About locating the VRRPD process with the Strace tool sometimes hangs up dead bug

Source: Internet
Author: User

Only for the work of summary memo.

Burning image, a little summary of the problem encountered in the bug.

A project to use the NAT,VRRP function of the L3 switch, but the field test accidentally appeared in the case of write file death, but not necessarily. Delivery is imminent, so add debugging information, repeatedly run the configuration of the script to locate the bug.
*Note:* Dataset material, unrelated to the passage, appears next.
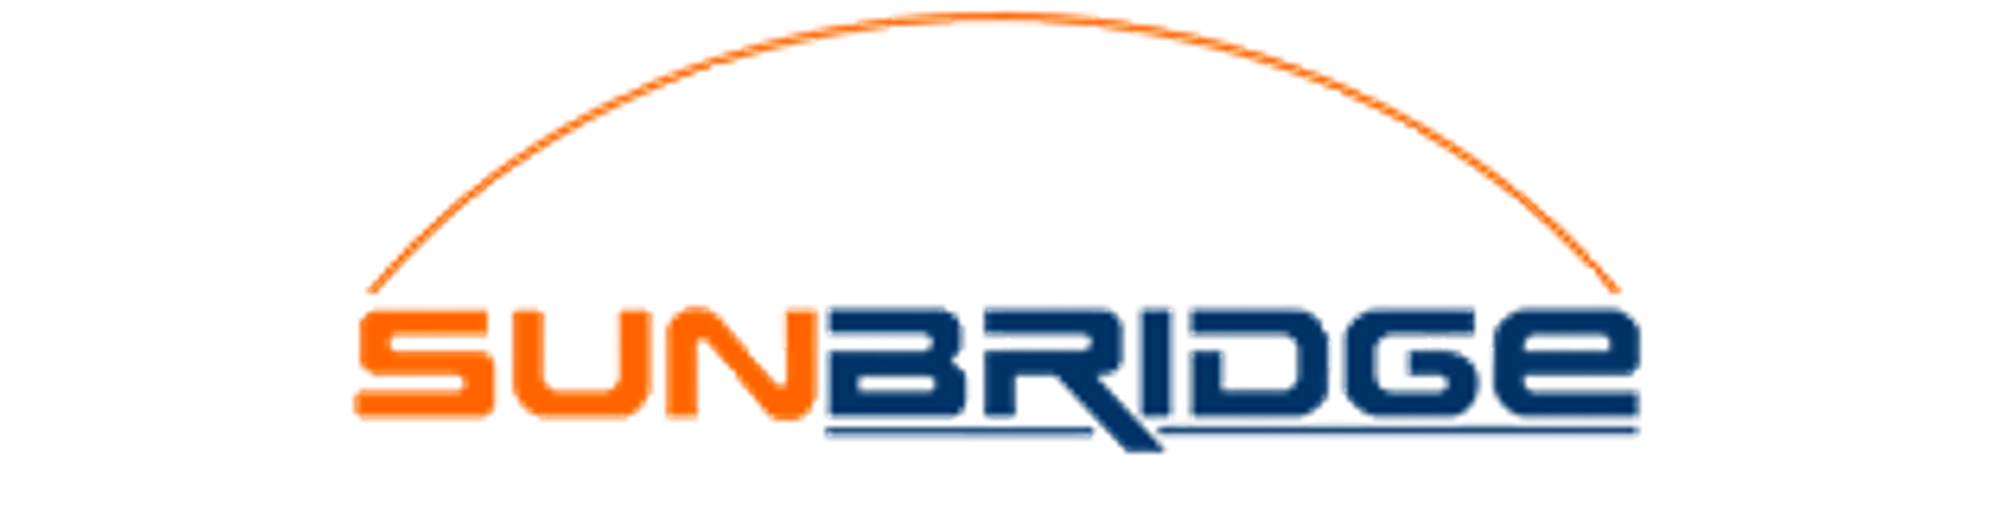 Sunbridge Software Services Pvt. Ltd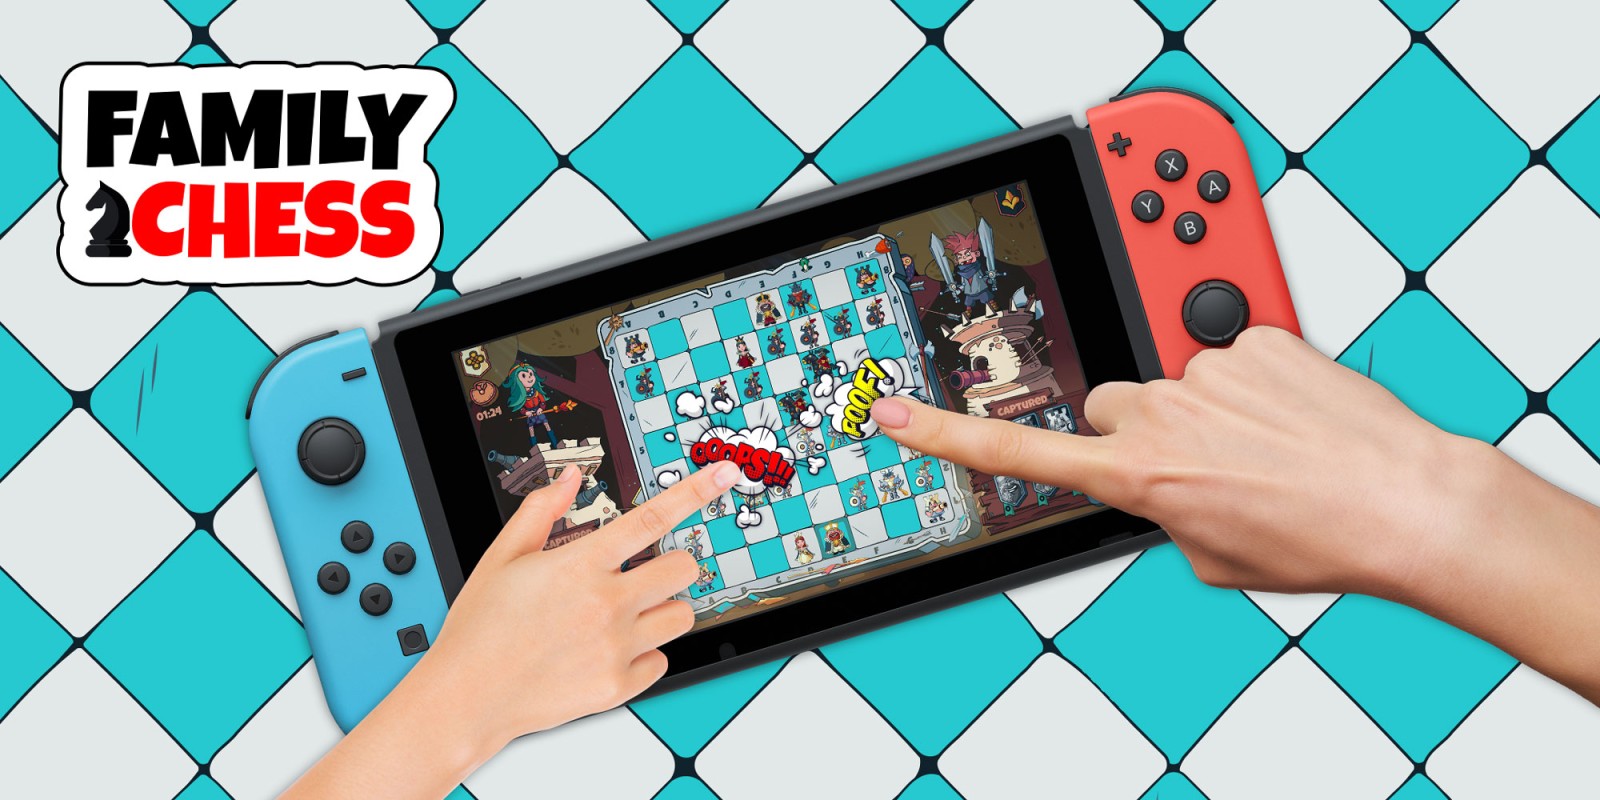 sinsonte golf marco Family Chess | Programas descargables Nintendo Switch | Juegos | Nintendo

First, the beginning of the suspected Vtysh and VRRPD process communication congestion (the phenomenon is the system hangs dead).

(1) Because when running the configuration script, the Enable command also hangs dead, so suspicion;

(2) in the VRRPD and Vtysh command transmission of the key point of printing information (note VRRPD do not-D daemon, with & to the background), the tracking result is vtysh indeed the ' Enable ' command sent out, only the VRRPD process does not receive. Command communication Framework common, basic can be determined no problem, thus, the bug convergence to the VRRPD process of the problem;

(3) in the Vtysh process in the CTRL + C signal processing added to the Linux shell code, when the VRRPD cause the system hangs dead (phenomenon is blocking), you can enter the shell to Top,top discovery, VRRPD process CPU utilization is high, and sys:92.0%, So it is determined that the VRRPD process used a system call, and the system called the interface blocking, resulting in VRRPD blocking, resulting in the VRRPD process does not receive the Vtysh process to send more commands.

(4) next to determine which system call caused VRRPD blocking, then use the strace to pull up the VRRPD process.

About the usage of strace, online a lot of links: Click to open the link, and attachment one to the end of the article, in case the original deleted.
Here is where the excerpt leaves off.